■ **Task requirements**:
Give back every line of the data exactly. Pictures are not part of the copy.

■ **Provided material**:
↓
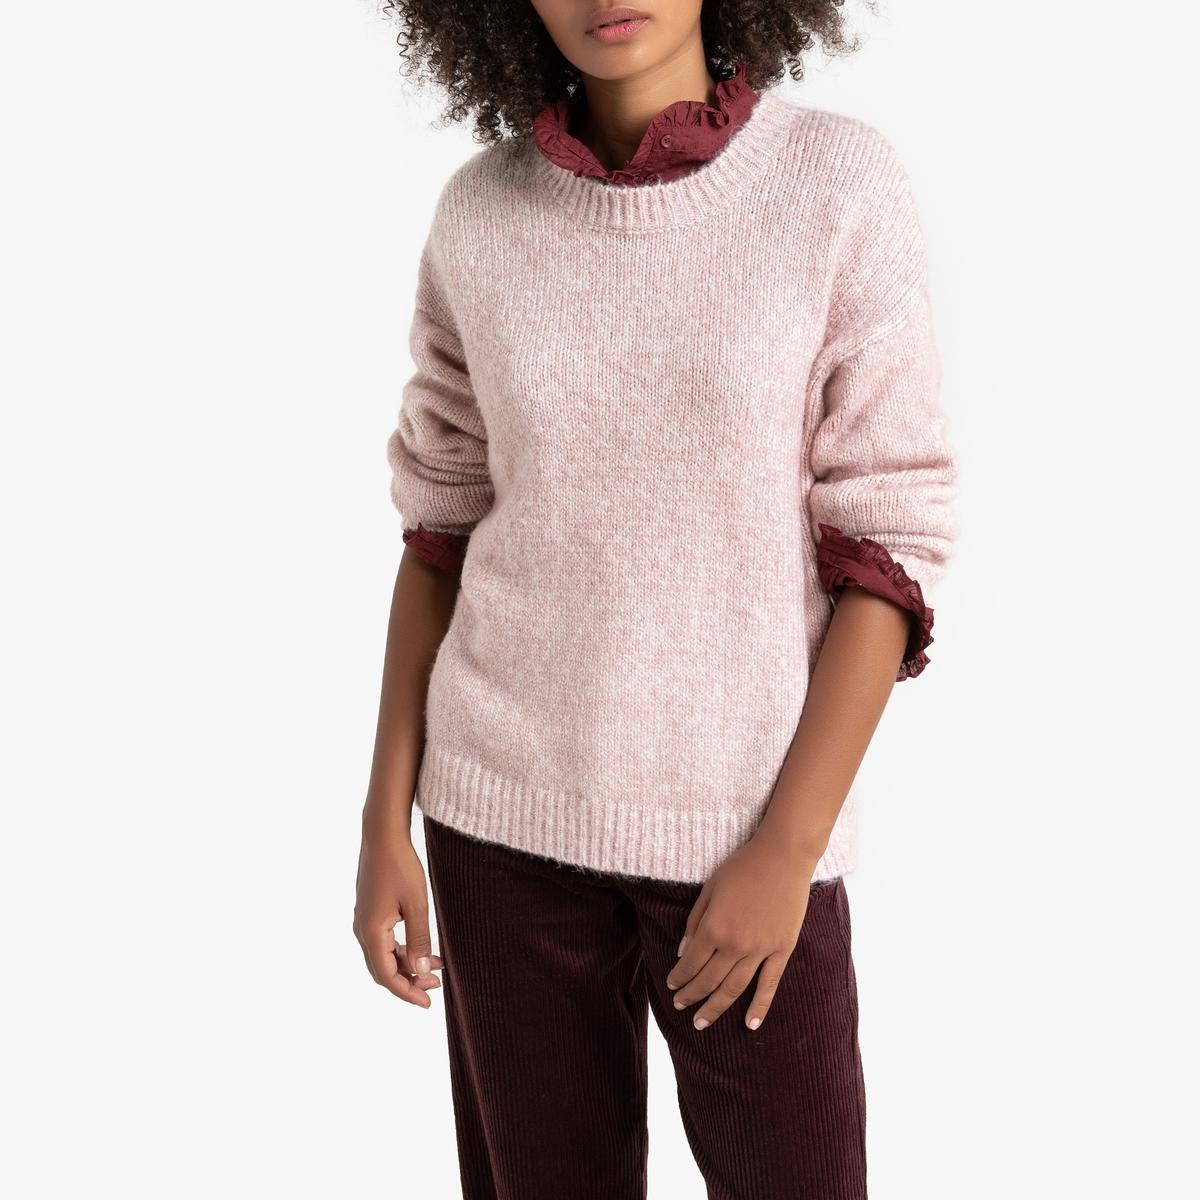 Пуловер La Redoute С круглым вырезом из плотного трикотажа мулине S розовый кардиган la redoute из трикотажа мулине s розовый
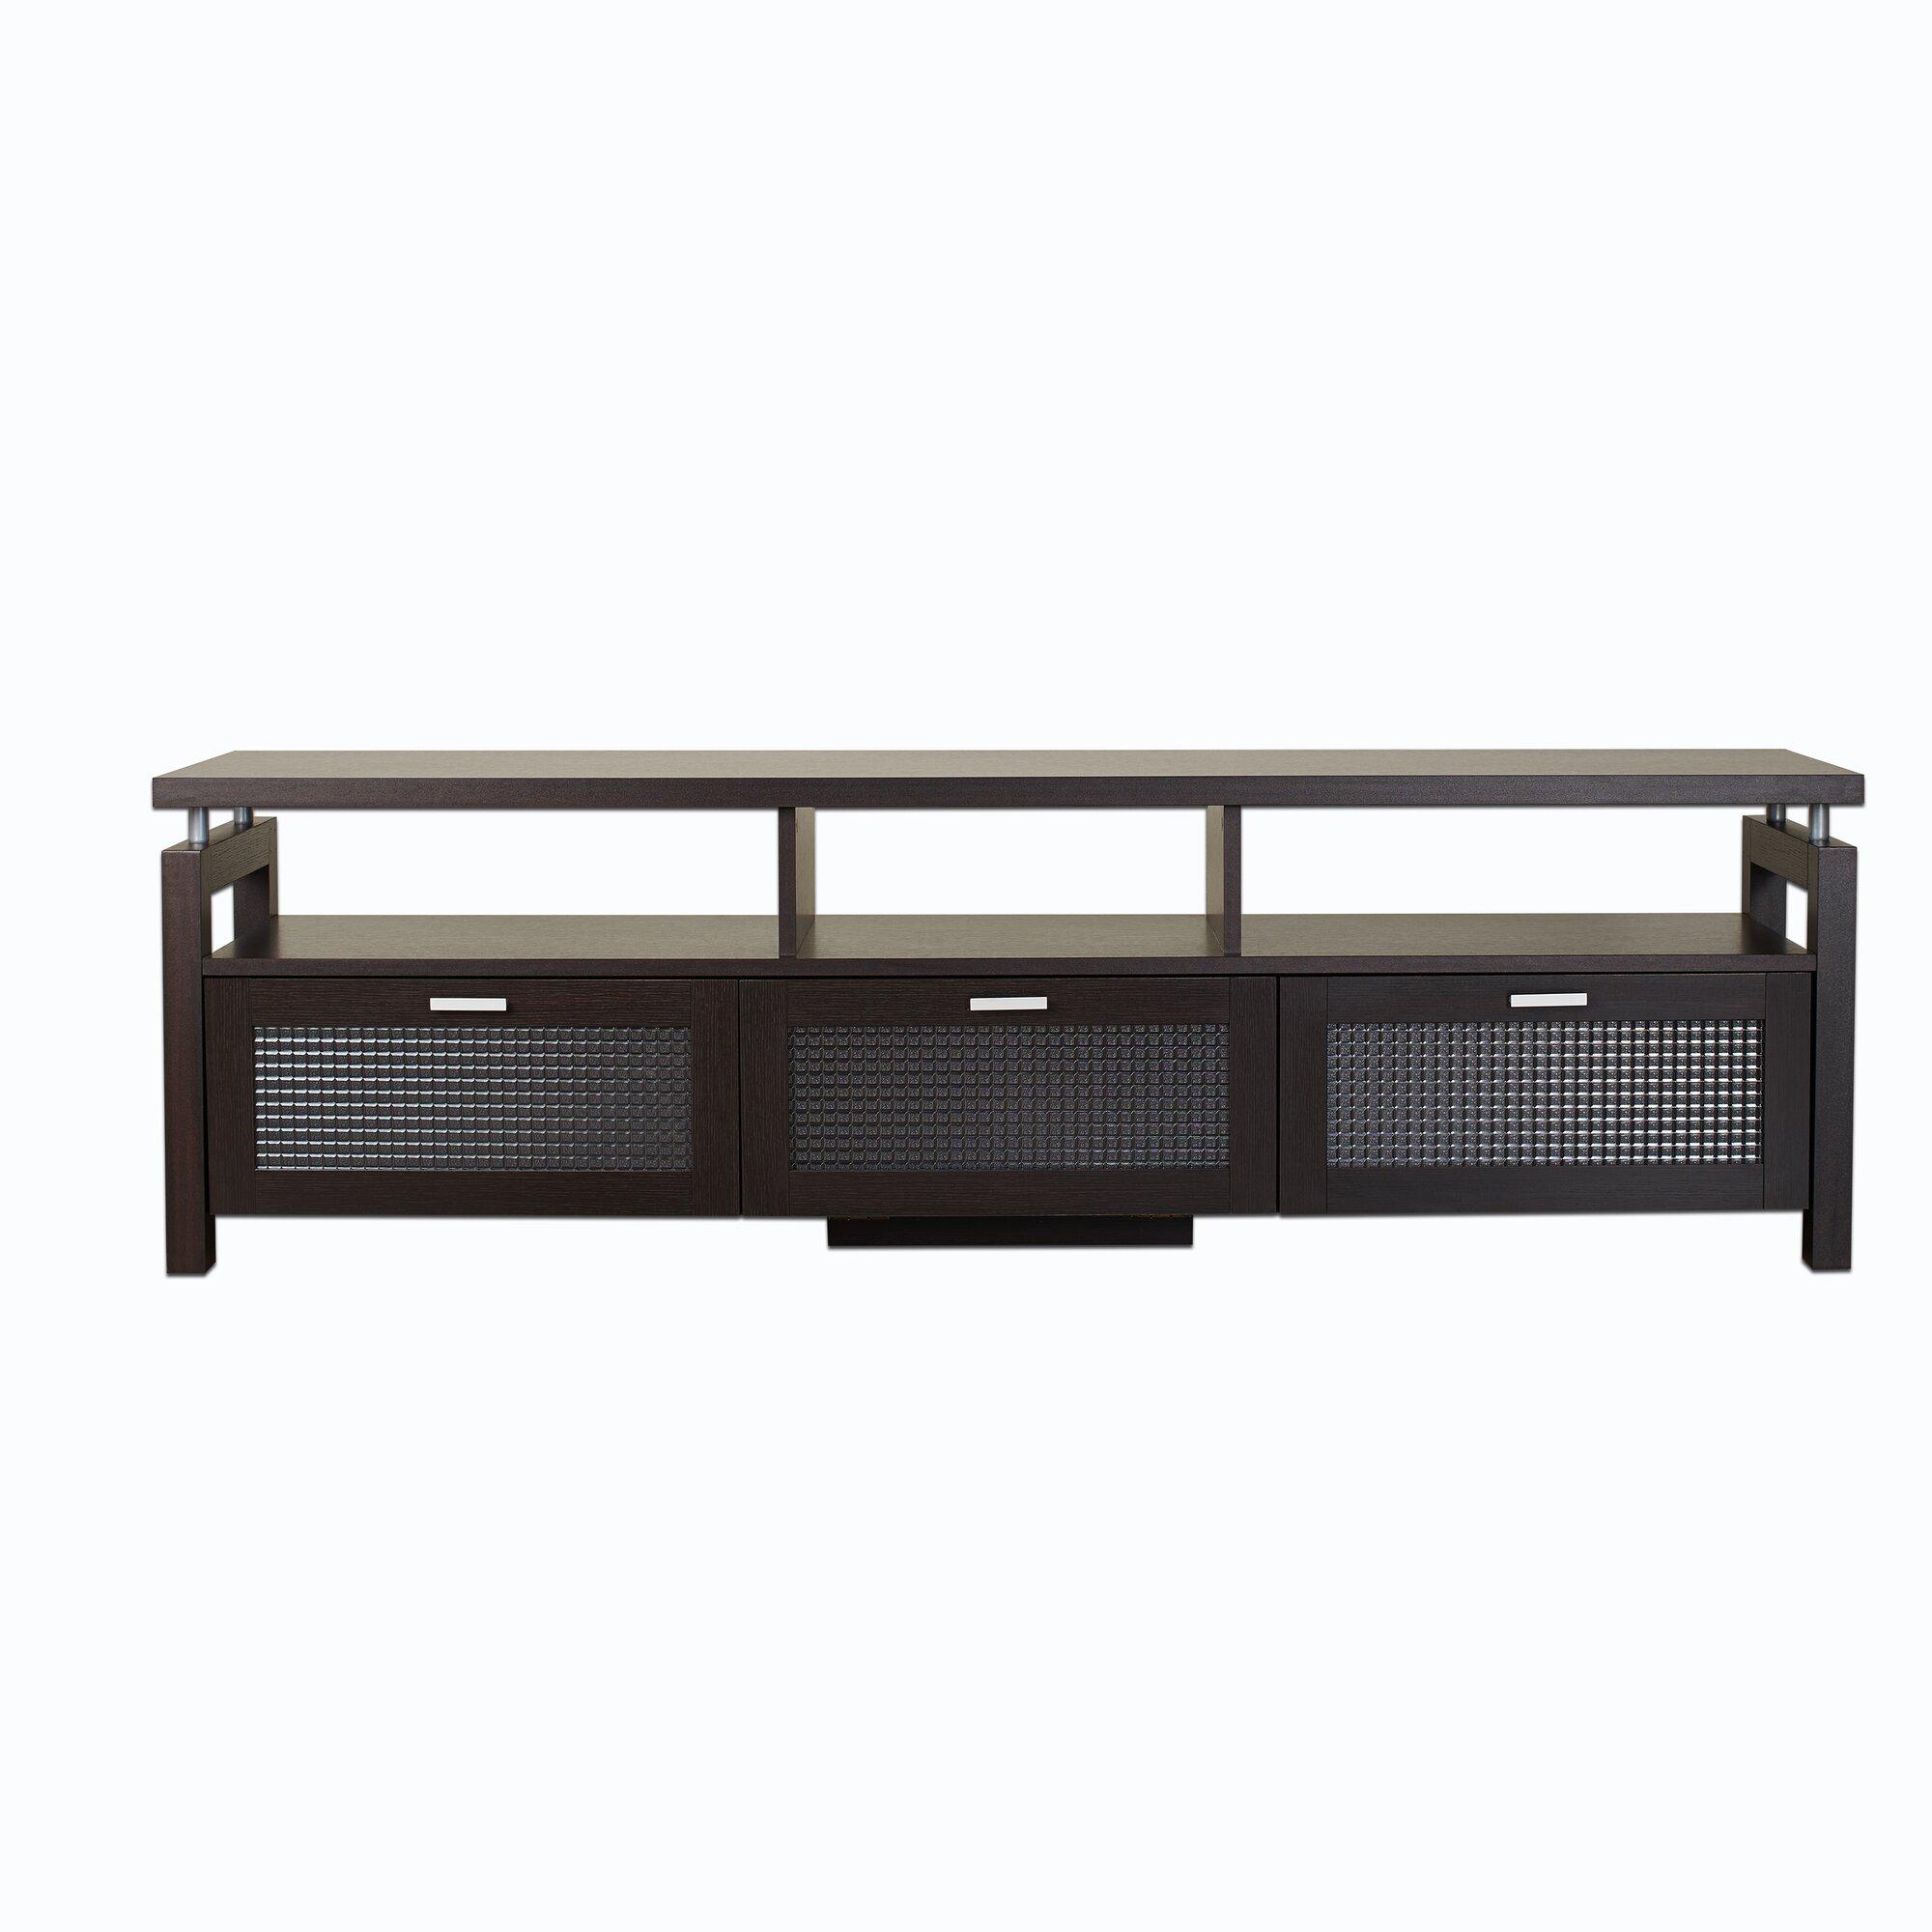 Hokku Designs Hokku Designs Bonaventure 71 Tv Stand Reviews Wayfair Supply
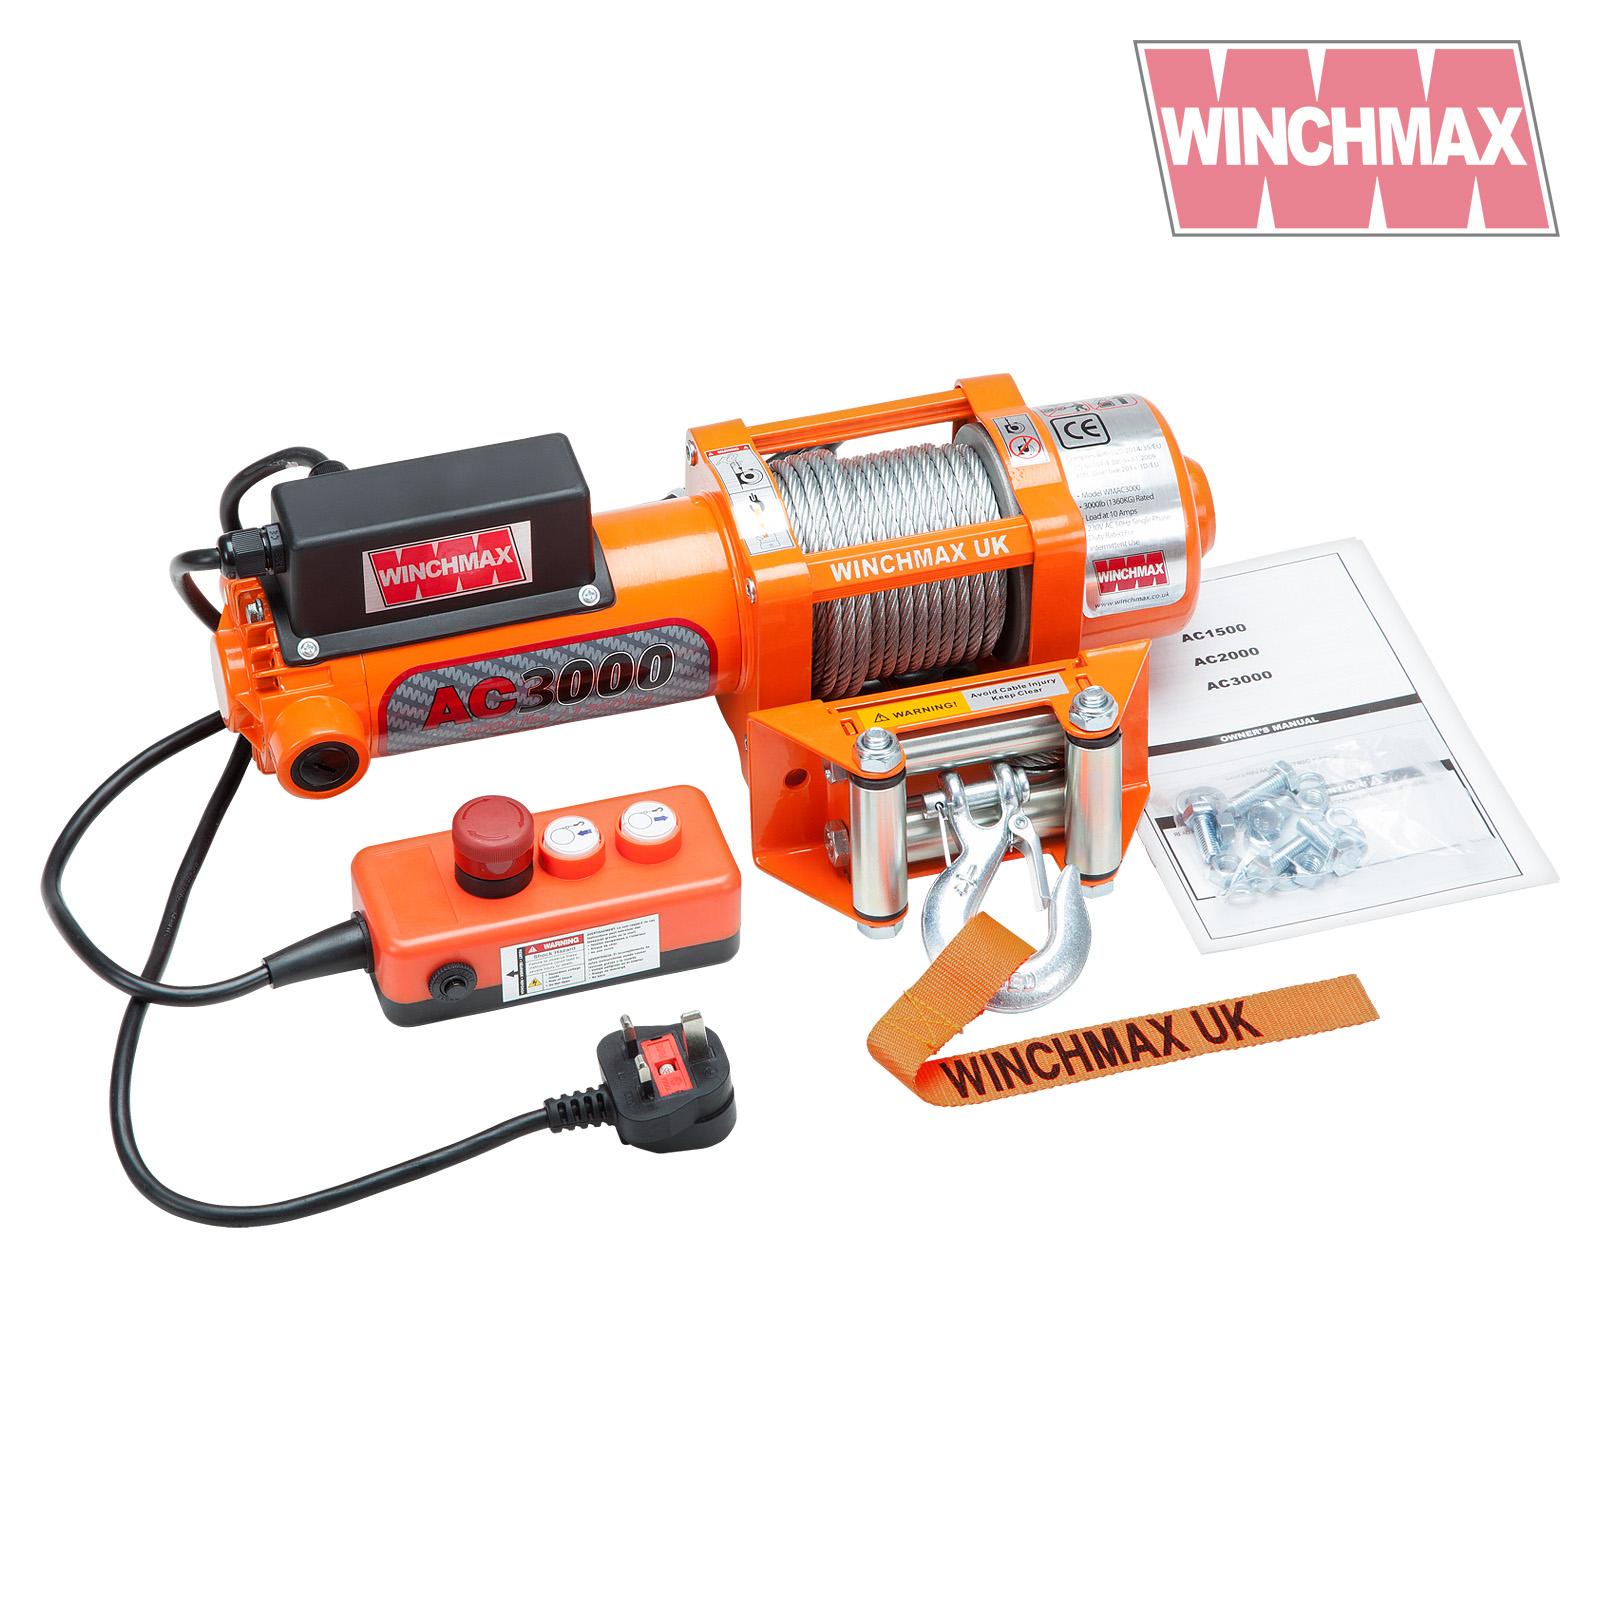 Wmac3000 winchmax 216
↑
■ **Answer space**:
 Пуловер La Redoute С круглым вырезом из плотного трикотажа мулине S розовый кардиган la redoute из трикотажа мулине s розовый
 Hokku Designs Hokku Designs Bonaventure 71 Tv Stand Reviews Wayfair Supply
 Wmac3000 winchmax 216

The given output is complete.